◆ AVAILABLE DATA ◆
((

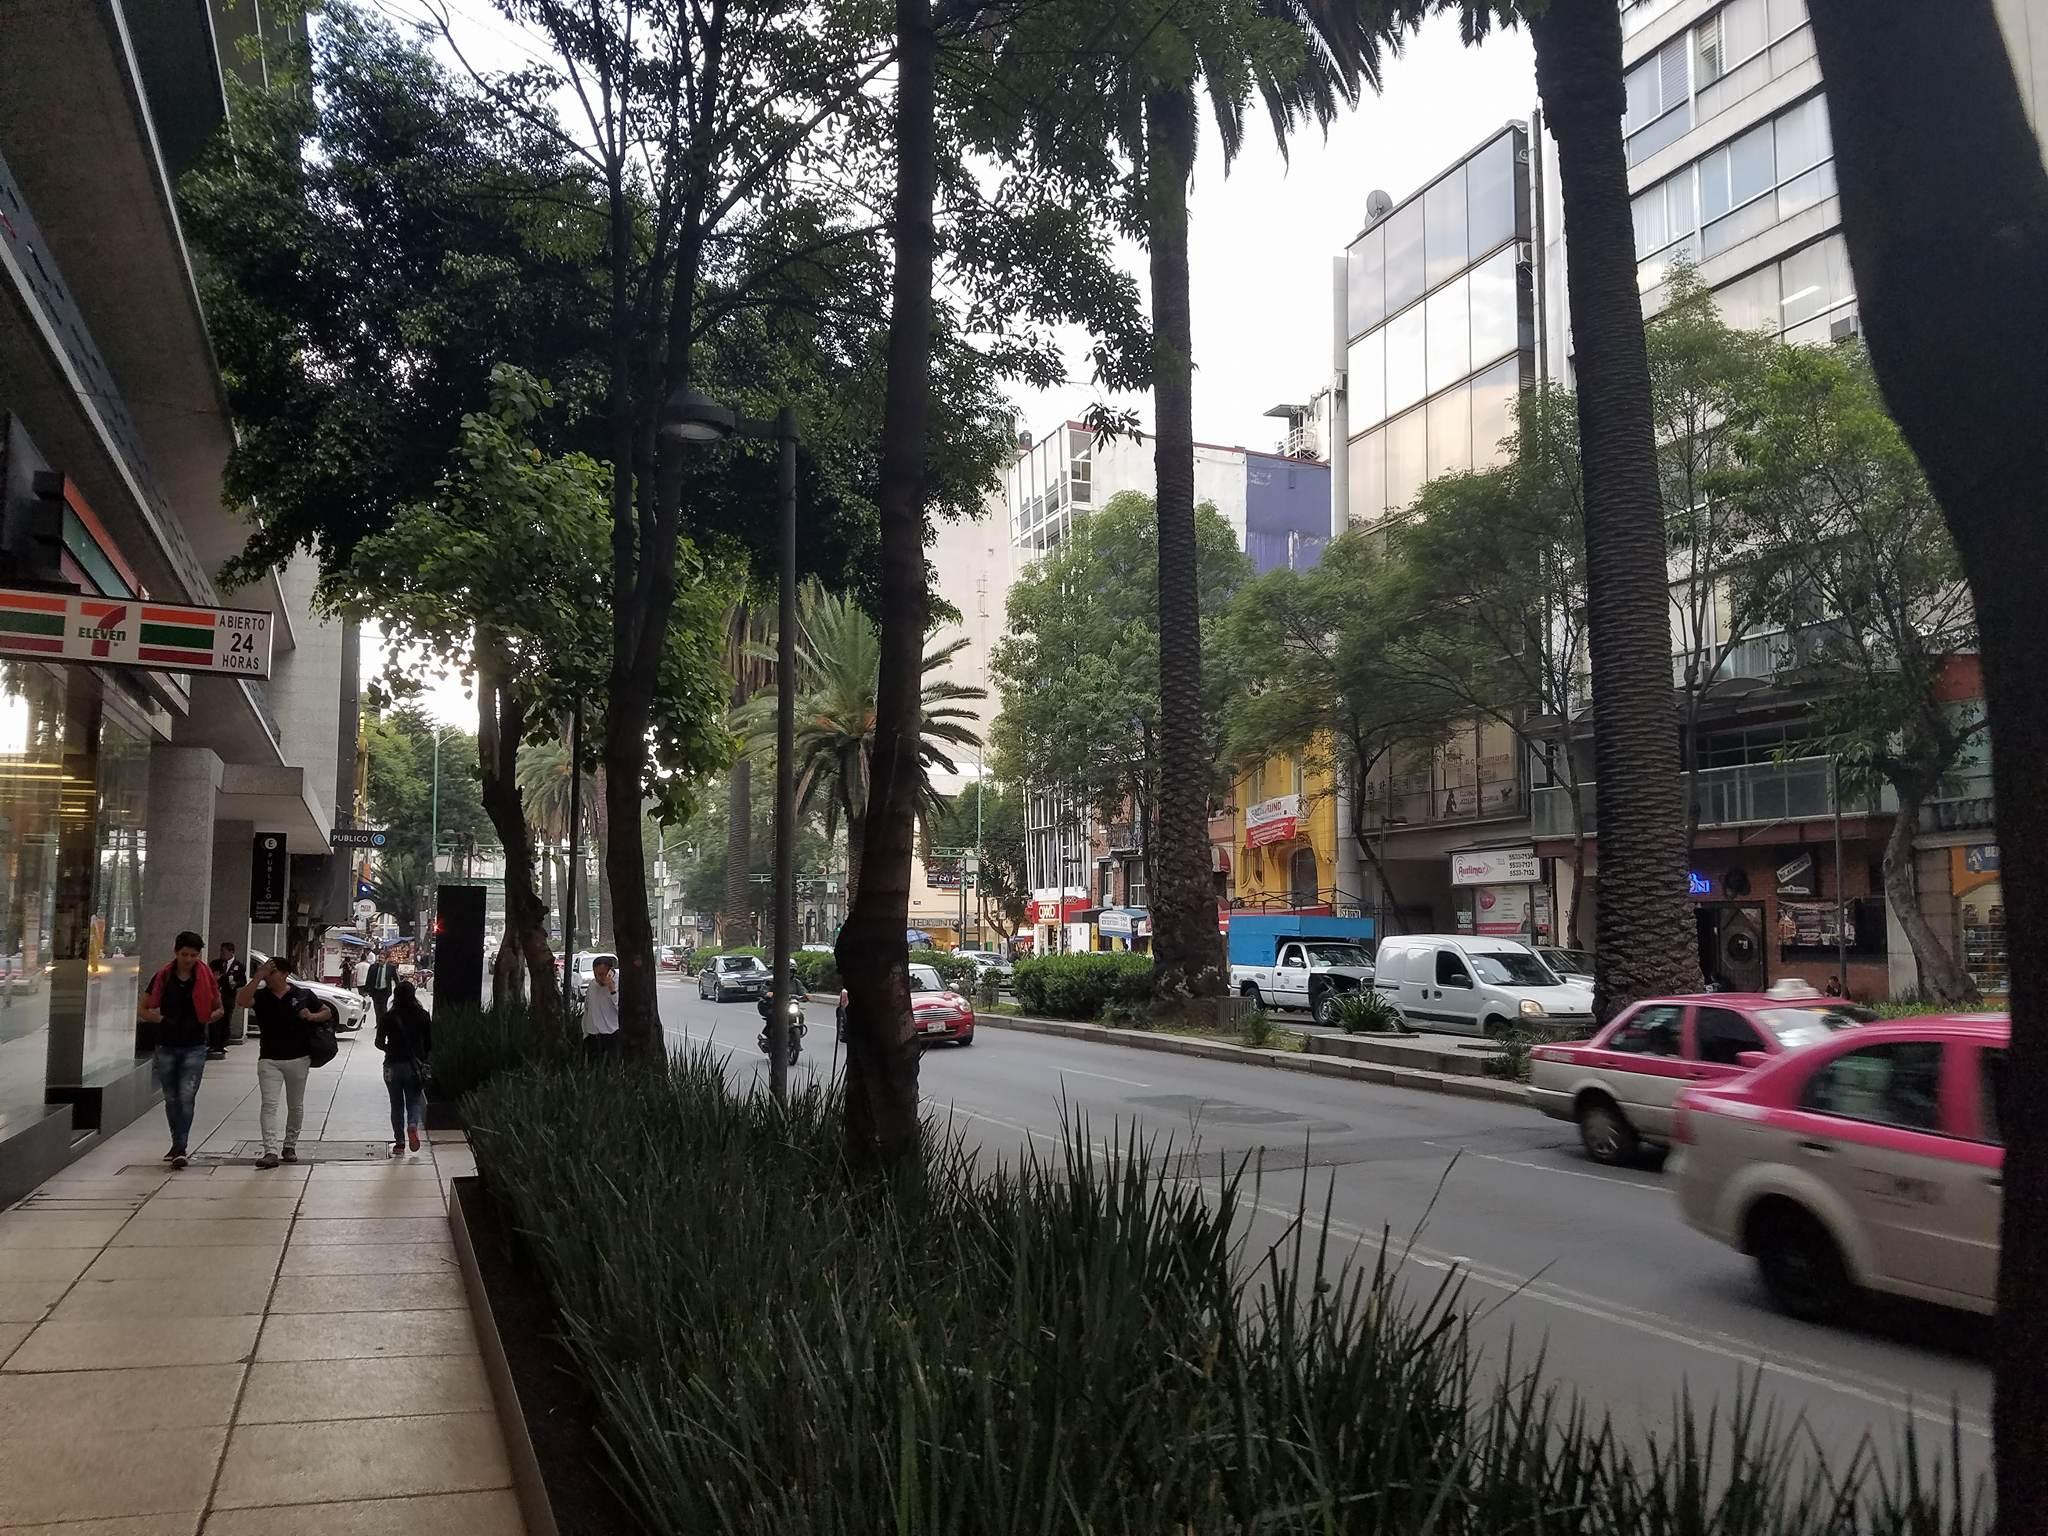 Mixed-use street in Mexico City.
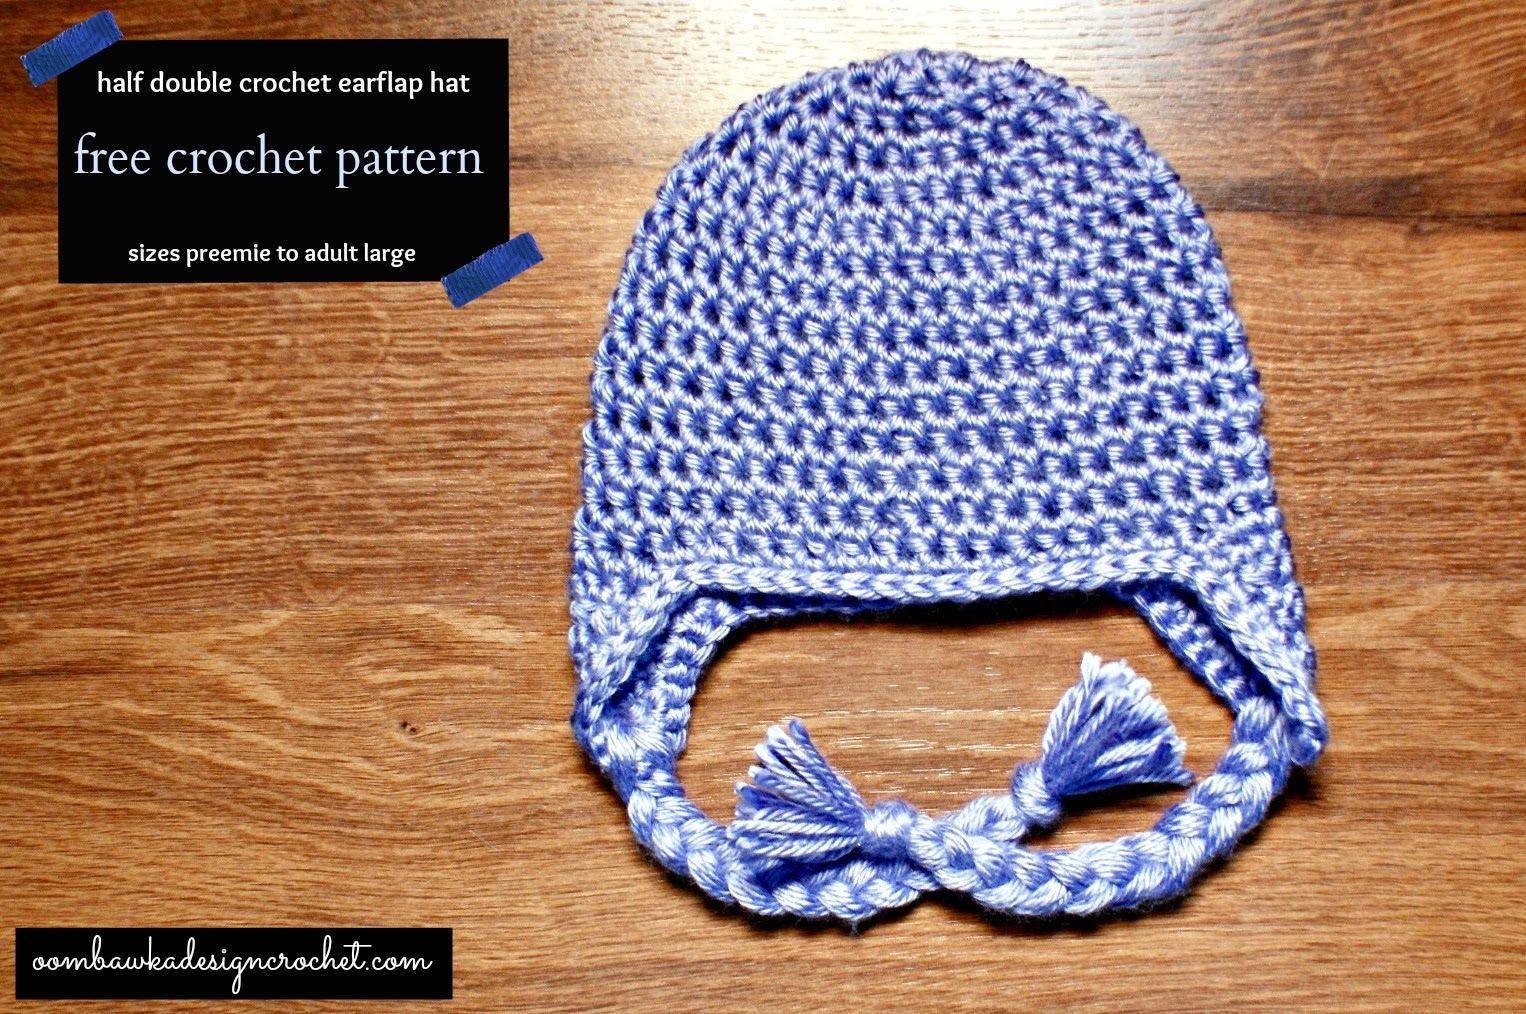 2532584f Crochet Earflap Hat Pattern Oombawka Design HOT on Ravelry! This lovely  crochet hat pattern by
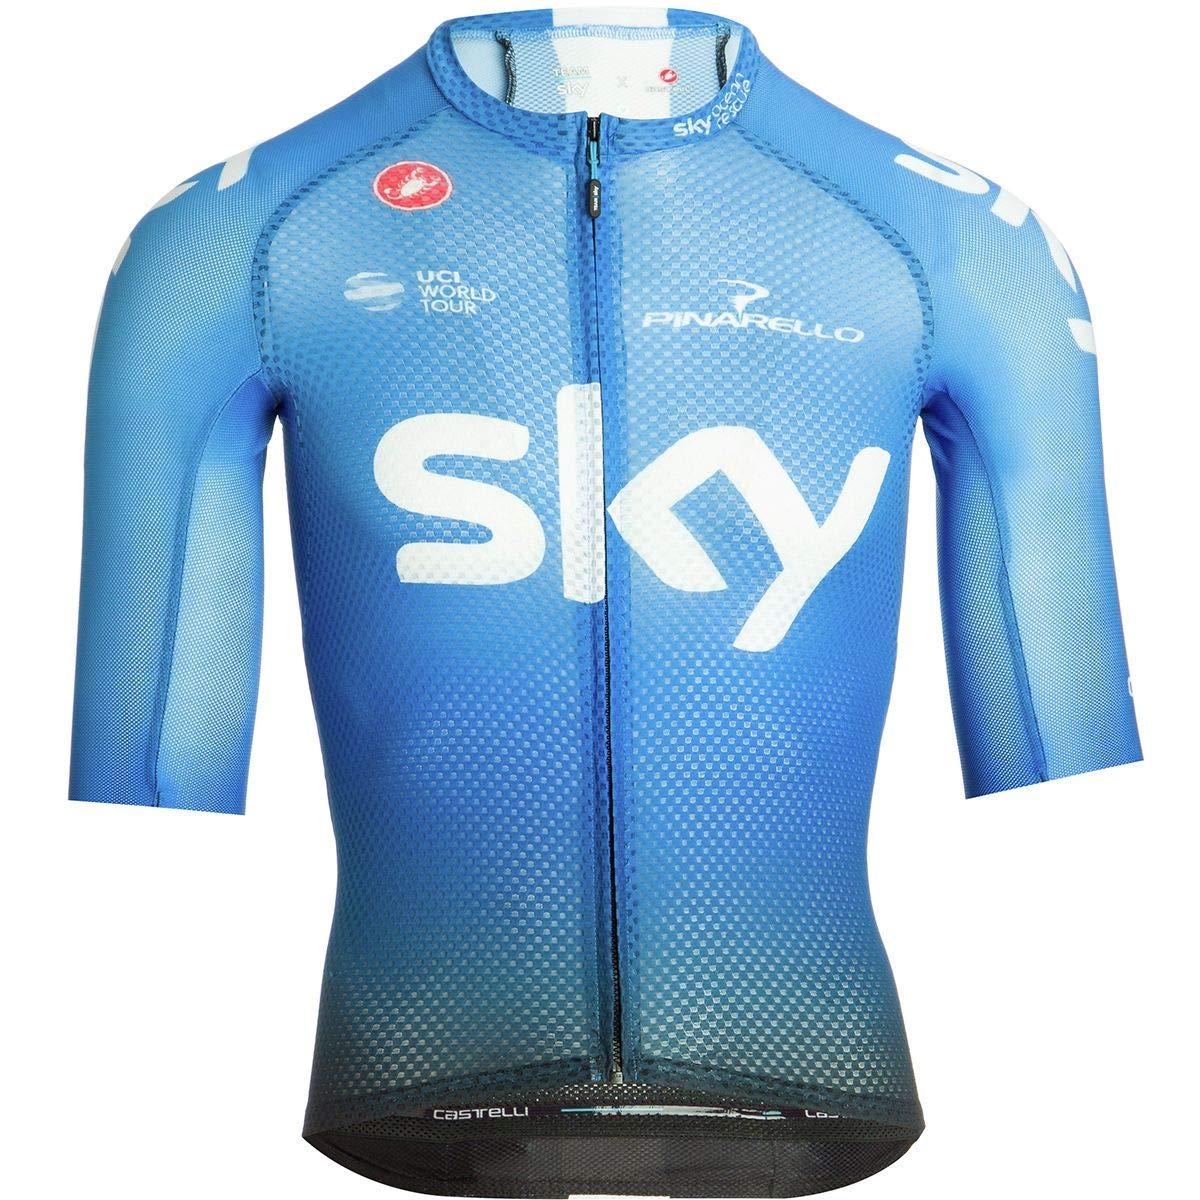 Amazon.com: Castelli Team Sky Climber 3.0 - Camiseta con ...

))

◆ WHAT YOU SHOULD DO ◆
Only the lines between the one containing "2532584f Crochet Earflap" and the last line of the listing above, both included, should be written out, exactly and without pictures.

◆ SOLUTION TO THIS TASK ◆
 2532584f Crochet Earflap Hat Pattern Oombawka Design HOT on Ravelry! This lovely  crochet hat pattern by
 Amazon.com: Castelli Team Sky Climber 3.0 - Camiseta con ...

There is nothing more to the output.